Not only do human resources provide the competitive edge, but several recent studies have confirmed that the quality and innovation of HR practices impact business results. These studies were able to draw a correlation between increased quality of HR practices and increased business success. Among other benefits, HR alignment with mission accomplishment increases HR's ability to anticipate its customers' needs, increases the agency's ability to implement strategic business goals, and provides decision-makers with critical resource allocation information.
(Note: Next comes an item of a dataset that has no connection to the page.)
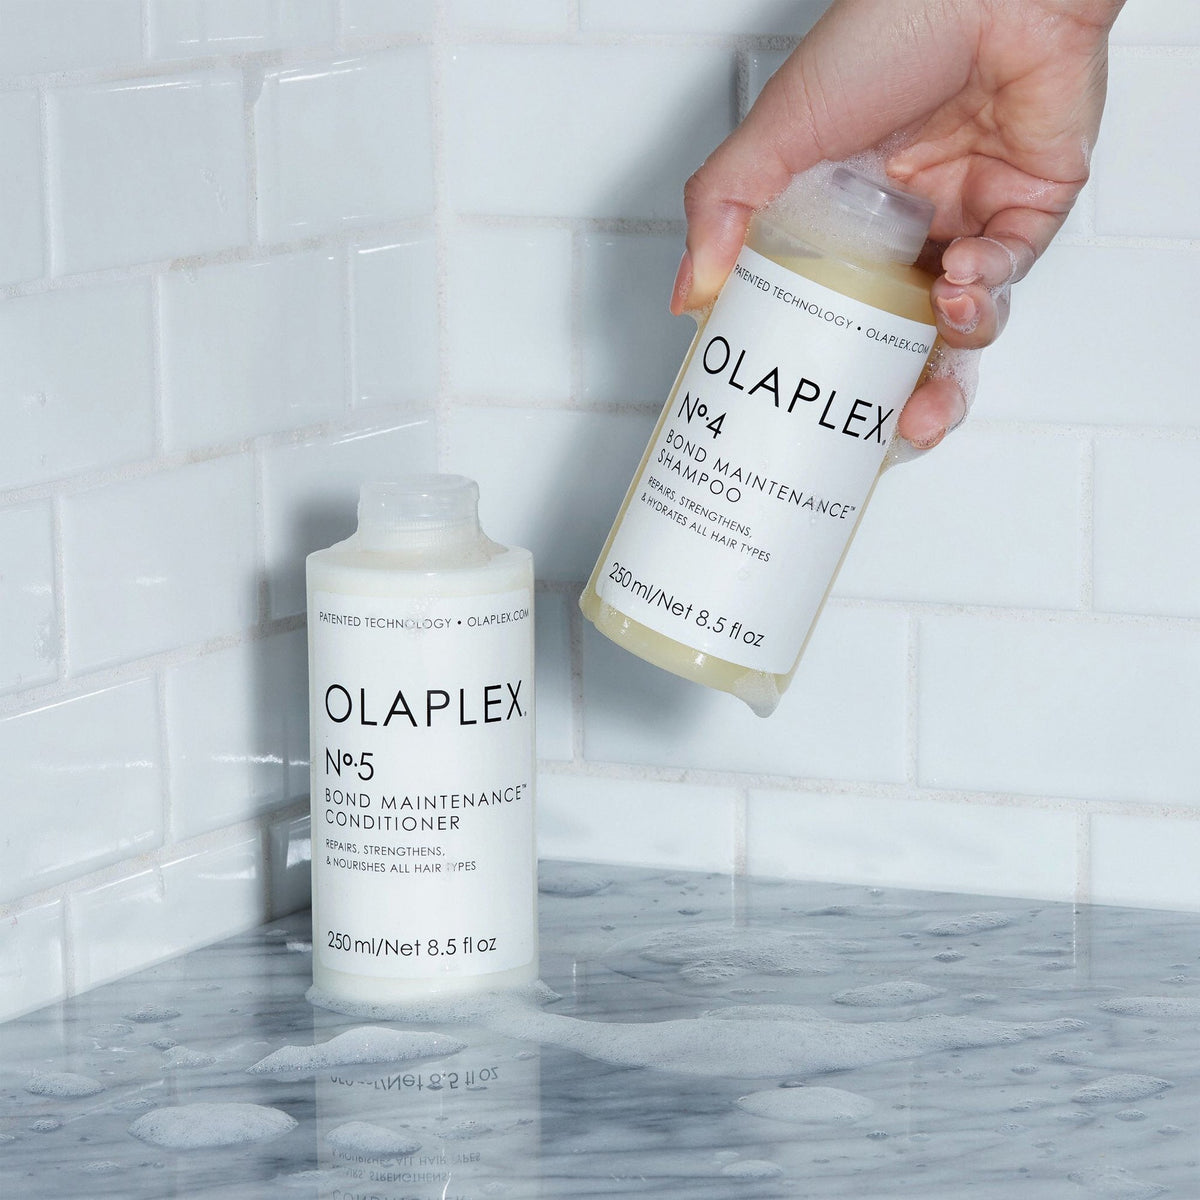 DAILY CLEANSE & CONDITION DUO

Finally, HR alignment is a vital process to advance agency accountability. By defining, main­taining, and assessing HRM goals and measures, communicating them throughout the agency, and using the information to make management decisions, agencies are able to ensure that the management of human resources contributes to mission accomplishment and that managers are held accountable for their HRM decisions in support of mission accomplishment.

The Study

Once we defined what alignment means and why it is important, we wanted to find out where agencies currently stand in terms of aligning their human resources management with agency mission accomplishment. Therefore, the Office of Personnel Management (OPM) embarked on a special study designed to explore the following objectives:

~ Assess how well human resources management is linked to agency mission accomplishment;

~ Explore the role played by the HR staff in agency strategic planning;

~ Determine how the HR service providers work with line managers to carry out agency strategic goals; and

~ Identify best practices aligning HRM with the agency strategic plan and goals.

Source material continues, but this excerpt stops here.